Dataset extract:
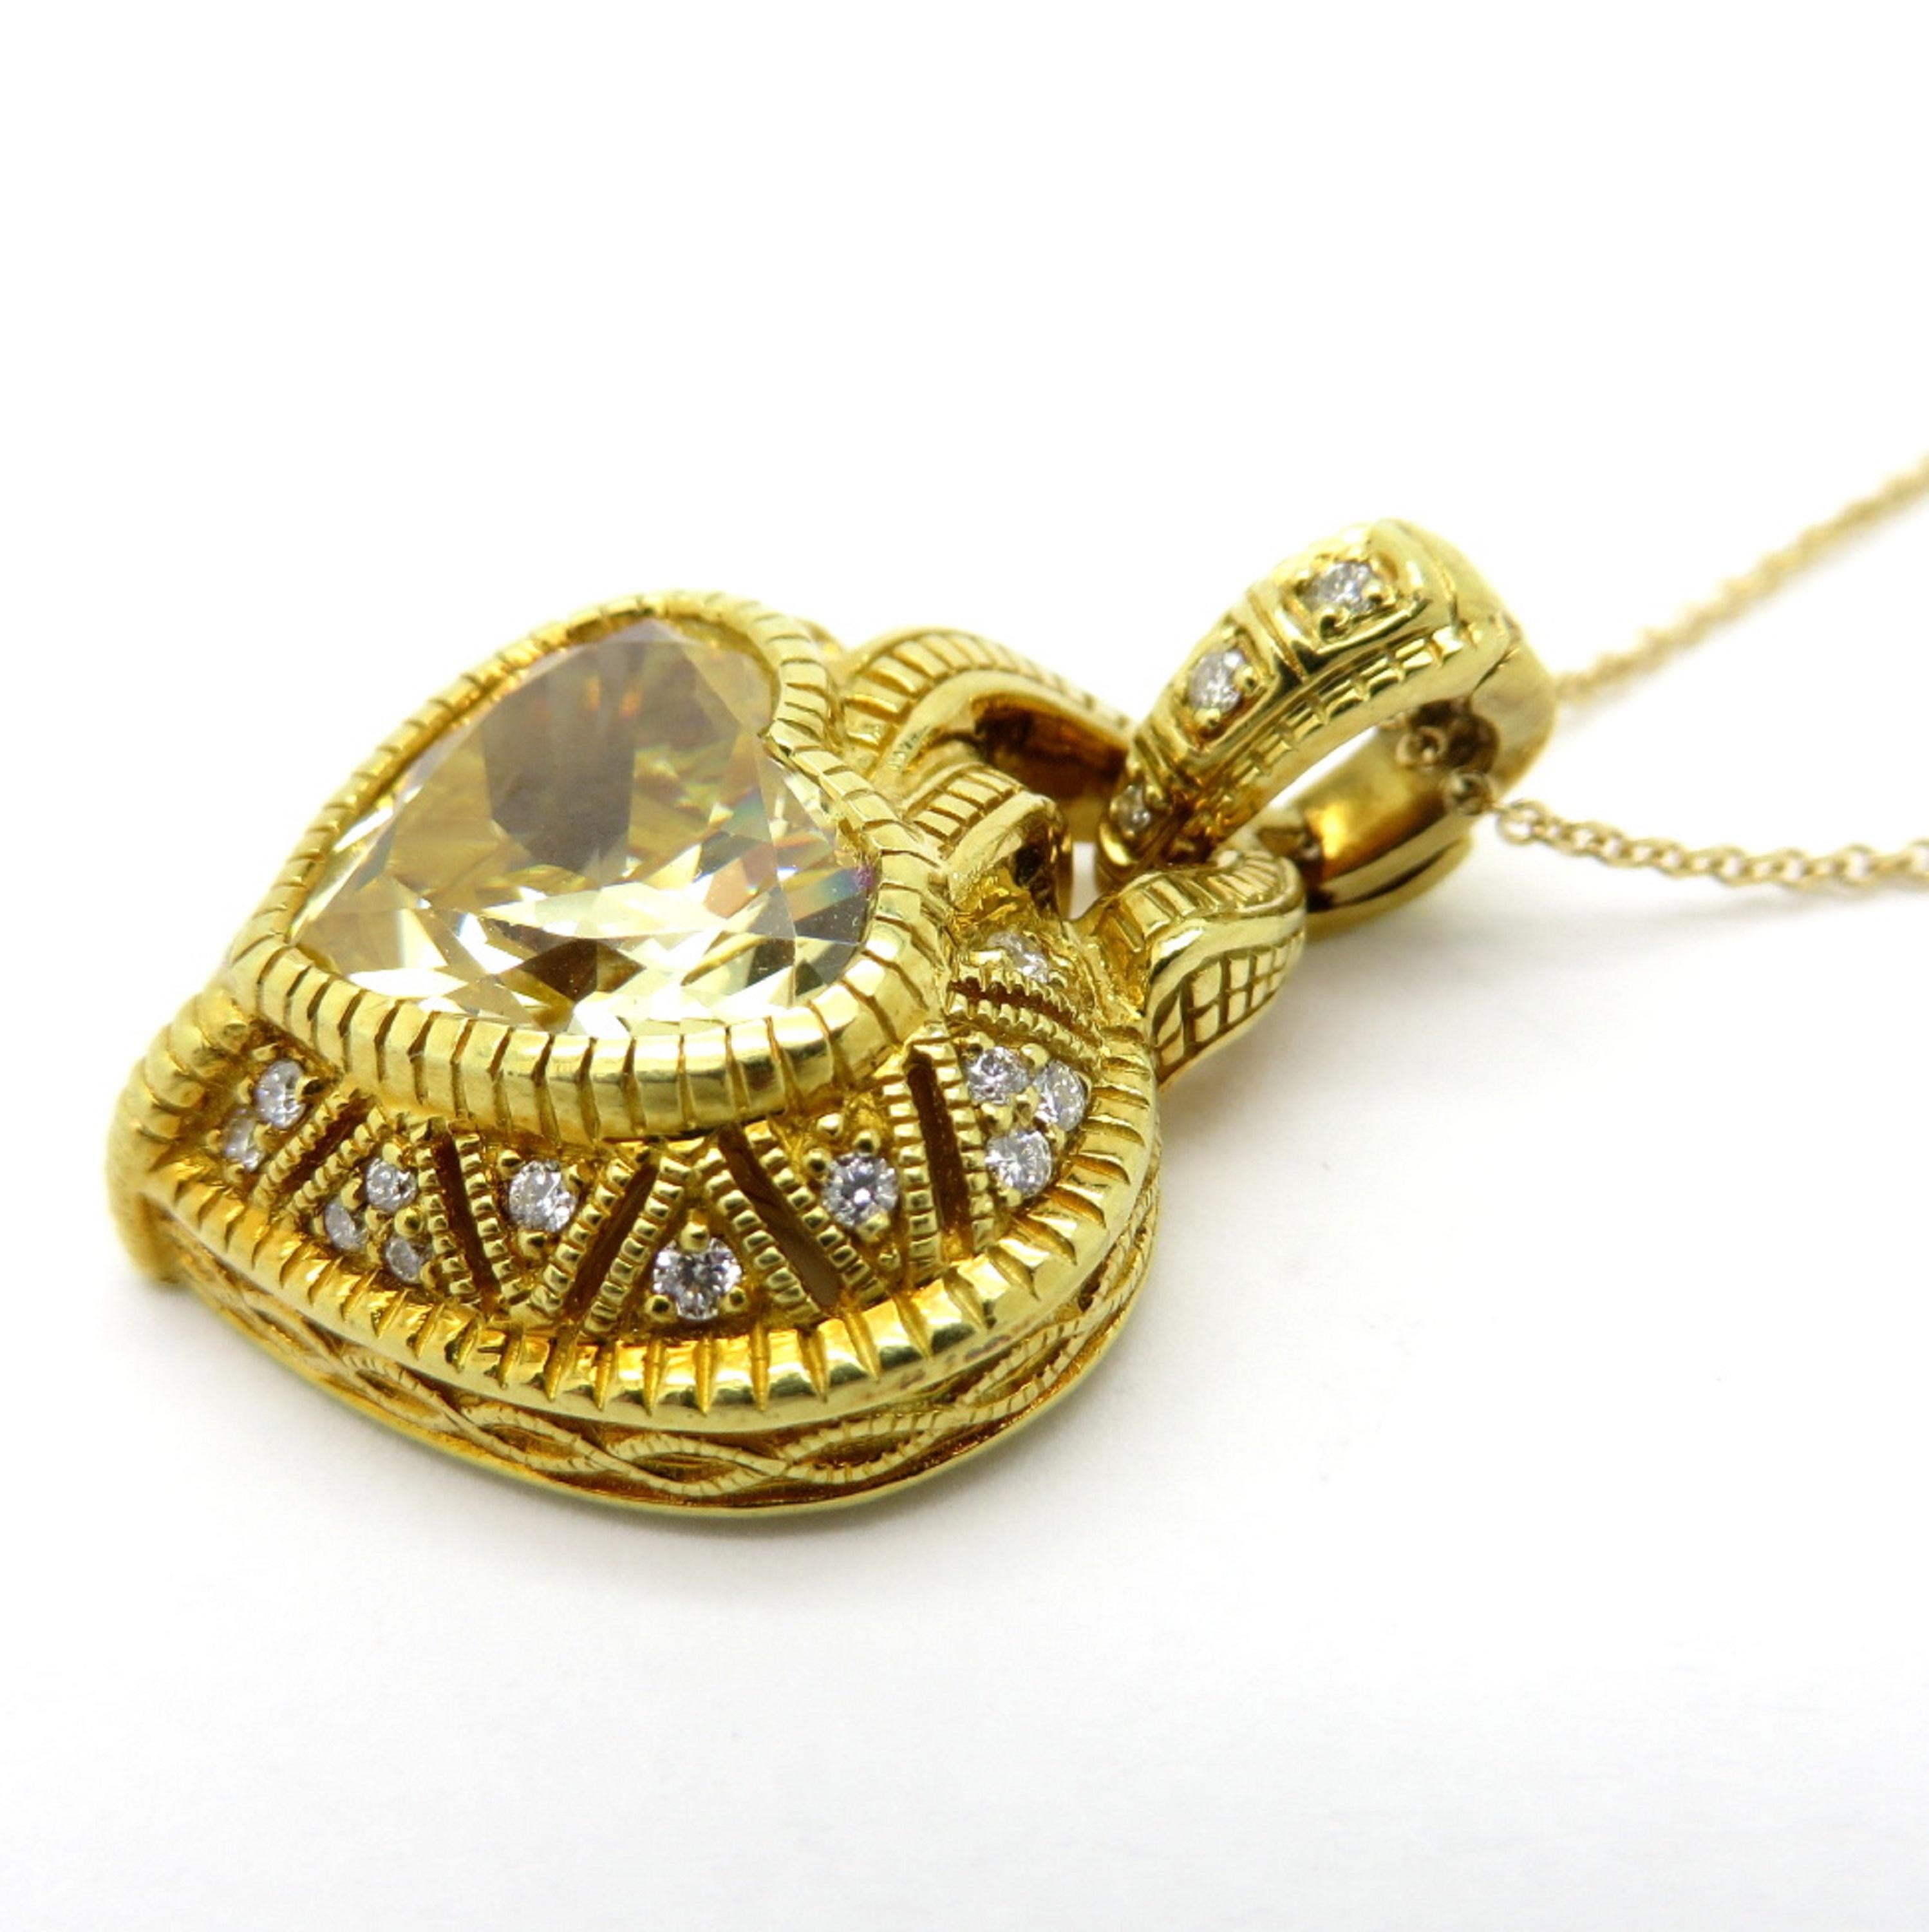 For sale is a designer Judith Ripka canary yellow crystal and diamond heart necklace crafted in 18K Yellow Gold!
Showcasing 27 Round Brilliant Cut diamonds, weighing 0.25 carats total.
The chain measures 18” inches long.  It is secured by a round
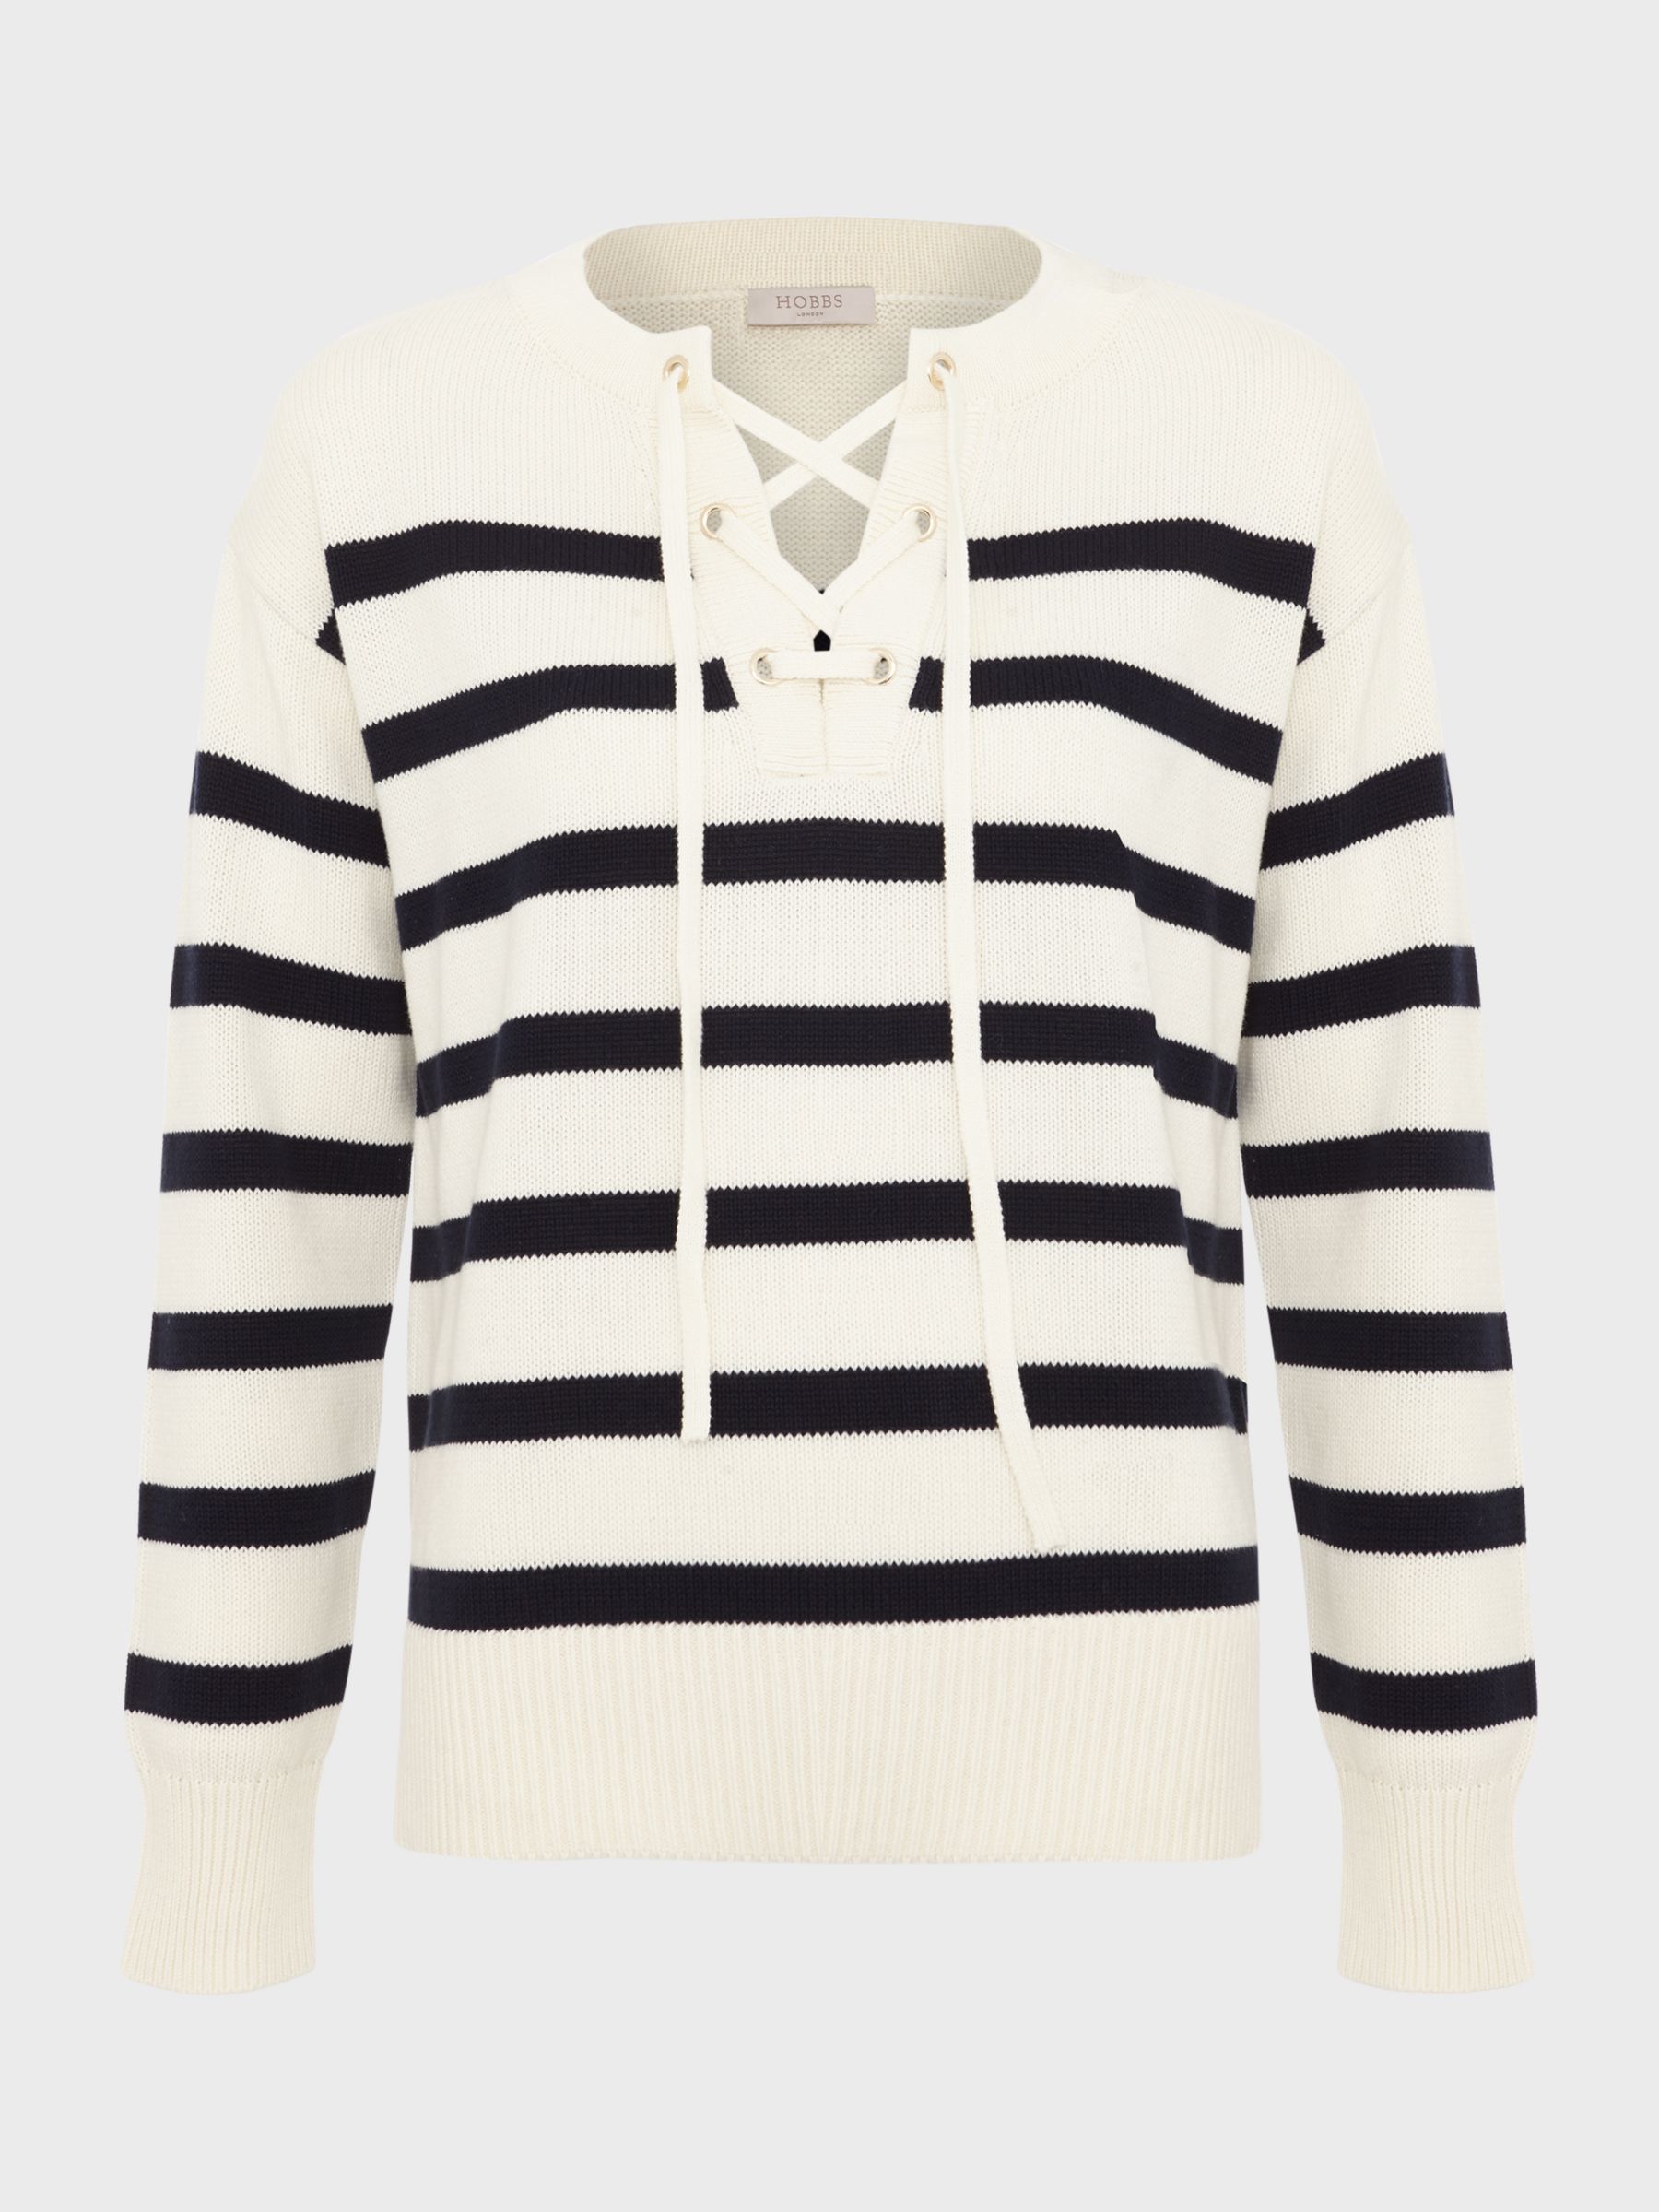 Hobbs Danica Striped Cotton Lace-Up Neck Jumper, Ivory/Navy, L

Activity: Write the data out again word for word; leave the pictures behind.

Response below:
 For sale is a designer Judith Ripka canary yellow crystal and diamond heart necklace crafted in 18K Yellow Gold!
Showcasing 27 Round Brilliant Cut diamonds, weighing 0.25 carats total.
The chain measures 18” inches long.  It is secured by a round
 Hobbs Danica Striped Cotton Lace-Up Neck Jumper, Ivory/Navy, L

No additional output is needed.